И в самом слове: «такой» — чувствовалась точно мистическая сила.
— С пулеметов садит, никуда, милой мой, от его огня не подашься…
— Тяжелой антилерии у нас нет… А он ка-ак выпалит — страху подобно!.. Столб аж до самого до неба! Землю развернет — целое тебе тут озеро…
— Да, попадет, так мокраго места от тебя не оставит…
— Опять же еропланы… У нас разве есть такие?… Бонбы бросает… Стрелы стальные.
И, как заключение всему этому, как подытожную черту, кто-нибудь скажет, должно быть, от кого-нибудь из офицеров слышанное слово:
— У его, братцы, те-хни-ка!
И кто-нибудь, будто жалея тех, кто идет на войну и желая сгладить произведенное впечатление, добавит успокоительно:
— Наши тоже ничего… летают, однако, стараются…
— Нестеров, летчик, сказывают, сколько их машин посбивал… Еще Ткачев… Орлом наскочит… ничего… Бьют и наши…
— Уже очень он, немец-то, значит, сурьезный…
— Все бы, паря, ничего, патронов у нас мало… Самое бы палить. Вот оно и взяли бы, а тут и палить-то нечем!
— Штыком брали… Он, немец, штыка очень даже боится…
— Да, не уважает… Штыка, говорю, не так чтобы любит.
— Коли на Австрицкий фронт попадете, братцы, и все ничего.
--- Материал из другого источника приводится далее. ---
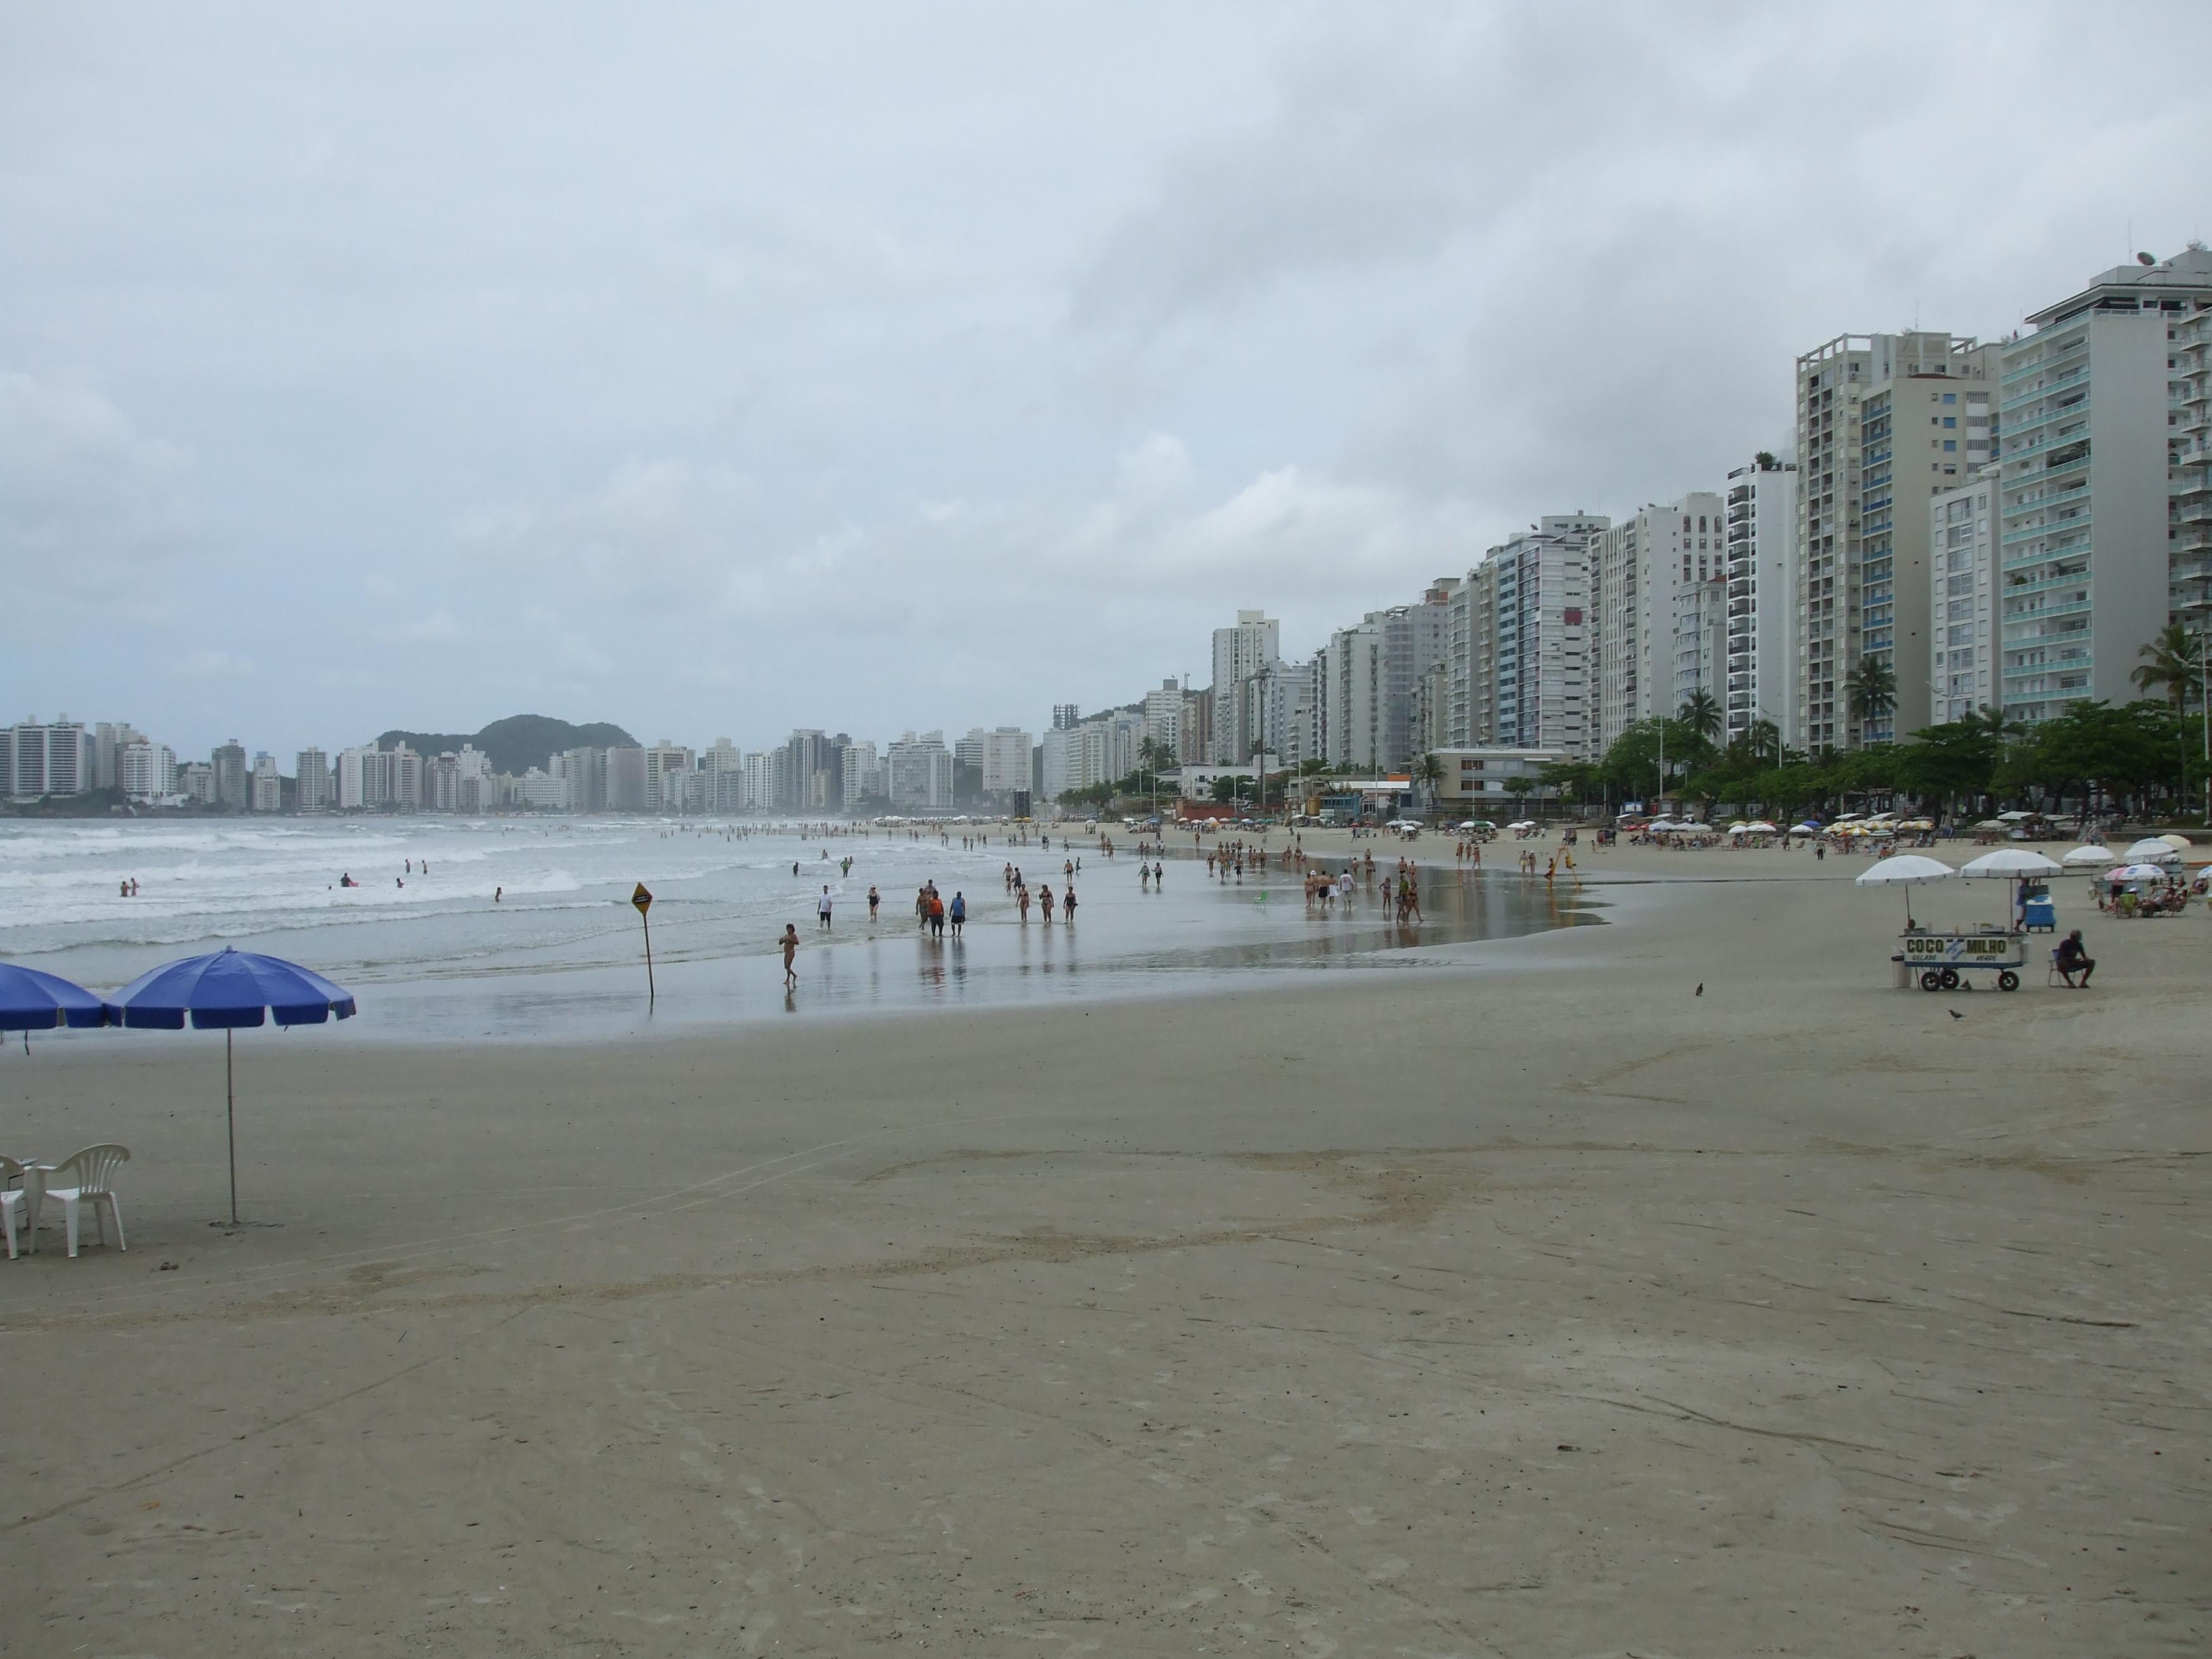 Fotos da praia de asturias guaruja sp 92

Он, австрийц-то, смирный, воевать ему неохота.
— Больше сдается… Бредет сам к нам, спрашивает: иде, мол, русский плен?…
Смутное, сумбурное, неопределенное какое-то было от всего этого впечатление у Петрика. Слышал он и такие рассуждения, больно резавшие его самолюбивое военное сердце.
— Кончать пора… Все одно его не осилишь.
— Он, сказывают, и француза бьет!..
Было Петрику непонятно, куда девалась прежняя солдатская гордость? Когда-то солдат русский считал себя выше всех. Теперь кто-то подсказывал ему, что француз выше его. Уж ежели, мол, француза бьет, так куда же нам-то соваться?
На долгих остановках Петрик шел в офицерские вагоны и старался там выяснить, что же происходит на войне и где правда? Офицеры попадались ему все больше недовольные и озлобленные.
— Приедете, дорогой, сами увидите, — сказал ему пожилой капитан с простреленной грудью. — Главное, не торопитесь. От вас это не уйдет. Он крепко пожал Петрику руку.
— Послушайте, — хрипло говорил кавказец. — Разве так можно воевать? У него снарядов сколько угодно. В нашей батарее по семь выстрелов на орудие. Голыми руками брать надо. Солдатскою доблестью… А времена не те… Теперь разве люди воюют?… Машины…
— С этими разве возьмешь его, — говорил сосед кавказца, показывая на толпившихся подле вагона солдат. — Очень мы, ротмистр, серые… Нам надо еще много чему учиться, прежде чем воевать с европейцами.